Nos deux études ont montré que l'autotonomètre de Draeger est d'un maniement assez aisé pour le patient, lui permettant d'obtenir des valeurs tensionnelles fiables à tout instant. Ainsi s'ajoute à l'intérêt du dépistage précoce la possibilité pour le patient glaucomateux de suivre lui-même l'évolution de sa maladie et d'en guider la thérapeutique, comme c'est déjà le cas pour l'autosurveillance de la tension artérielle par les sujets hypertendus ou celle de la glycémie réalisée par les diabétiques.

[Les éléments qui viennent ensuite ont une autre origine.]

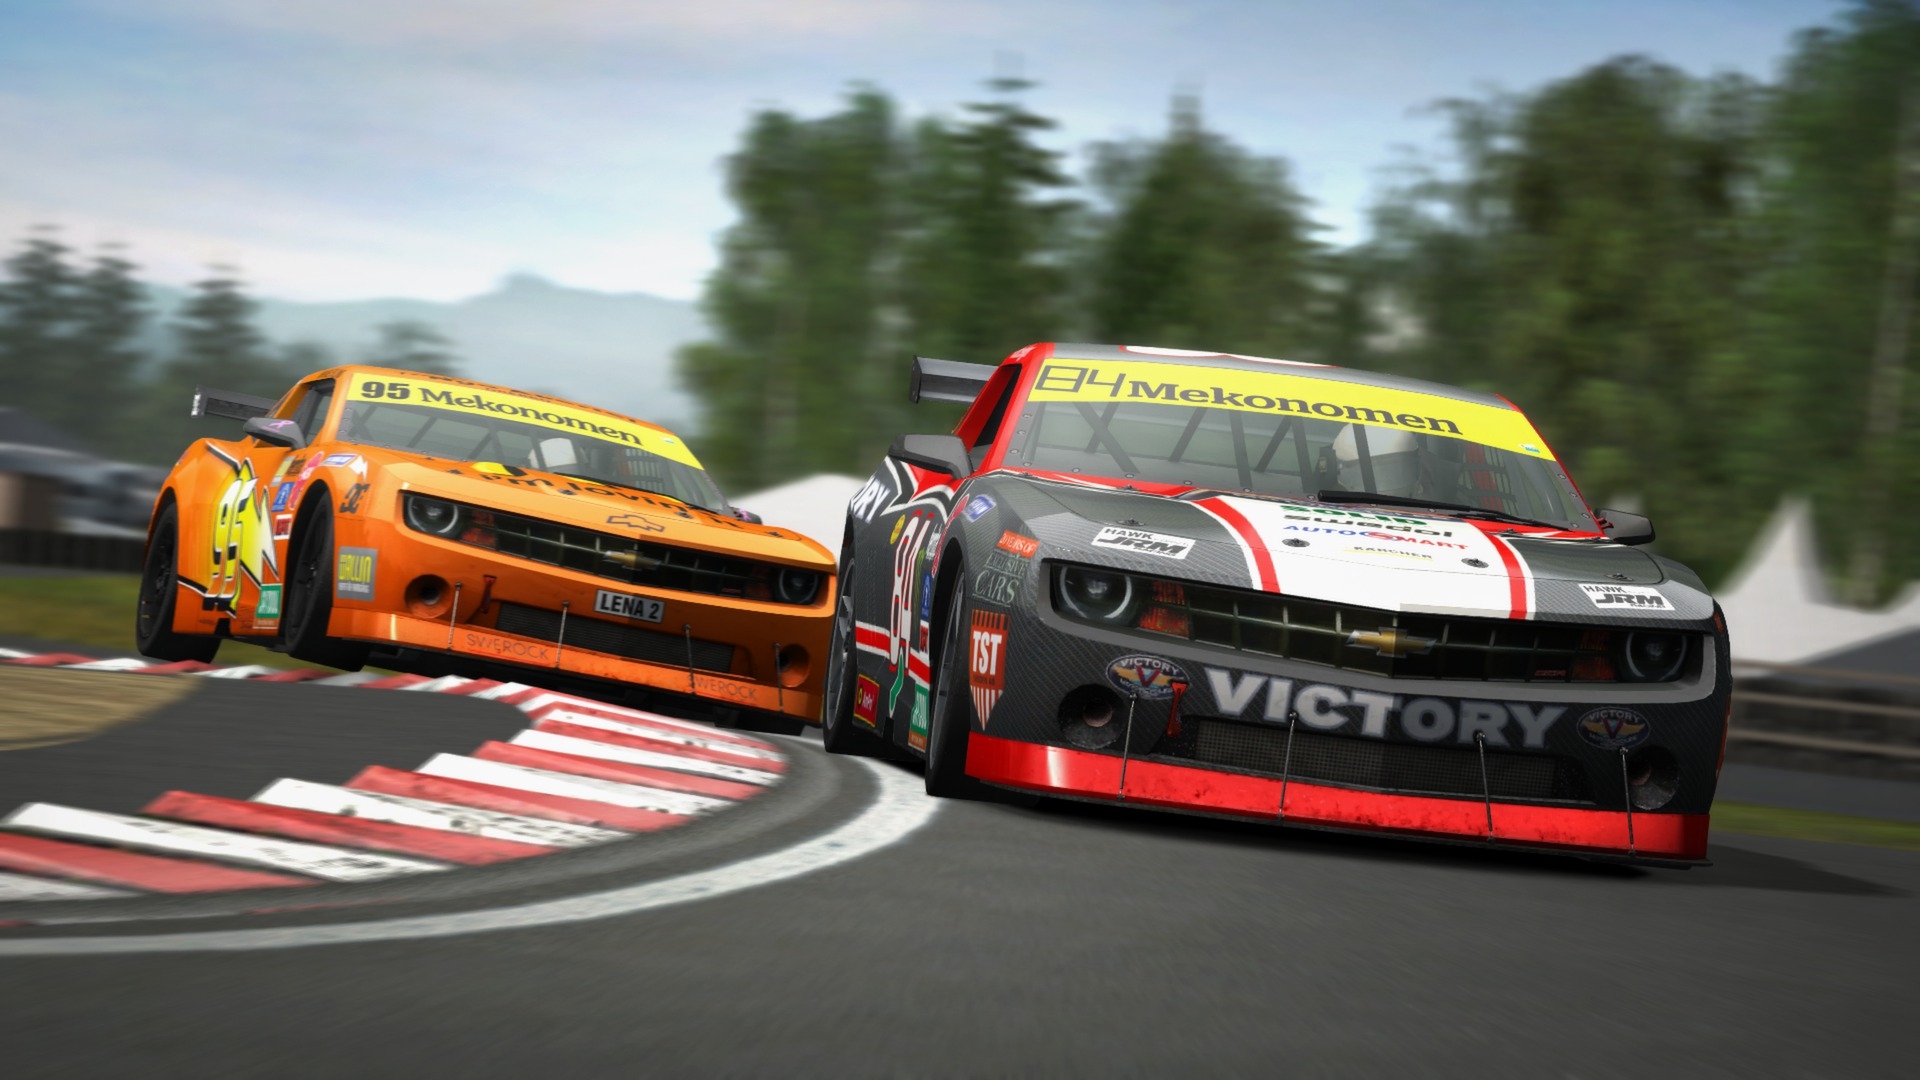 The Best PC Racing Games for 2020 | PCMag

Il n'en reste pas moins que notre étude comparative a été réalisée chez un nombre restreint de sujets sains. Ces résultats demandent à être vérifiés à plus grande échelle auprès de patients glaucomateux.

Références

[1]
Draeger J, Jessen K, Rumberger E. Tonometrie. Stuttgart : Georg Thieme, 1993 : 107 p.
[2]
Buguet A, Py P, Romanet JP. 24-hour (nyctohemeral) and sleep-related variations of intraocular pressure in healthy white individuals. Am J Ophthalmol, 1994;117(3):342-7.
[3]
Draeger J. Messprinzipien der Tonometrie von der Zeit Albrecht von Graefes bis zur D2-Mission und Selbsttonometrie. Klin-Monatsbl-Augenheilkd, 1993;202(1):2-7.
[4]
Straub W, Kroll P, Küchle HJ. Tonometrie. In: Augenärztliche Untersuchungsmethoden. Stuttgart : Enke, 1995:411-32.
[5]
Draeger J, Schwartz R, Groenkoff S, Stern C. Selbsttonometrie während der Deutschen Spacelab-D2-Mission 1993. Ophthalmologe, 1994;91(5):697-9.
[6]
Saraux H, Biais B. Physiologie oculaire, 2 e édition, Paris : Masson, 1983 : 420 p.
[7]
Renard JP. Mesure de la pression intra-oculaire. Pièges et limites. J Fr Ophtalmol, 1999 ; 22, 1 : 90-3.
[8]
Bolla N, Savio E, Bellone A, et al. The Draeger autotonometer: its advantages and limits. Acta Ophthalmologica Scandinavica, Suppl, Copenhagen. 1998;227:21-2.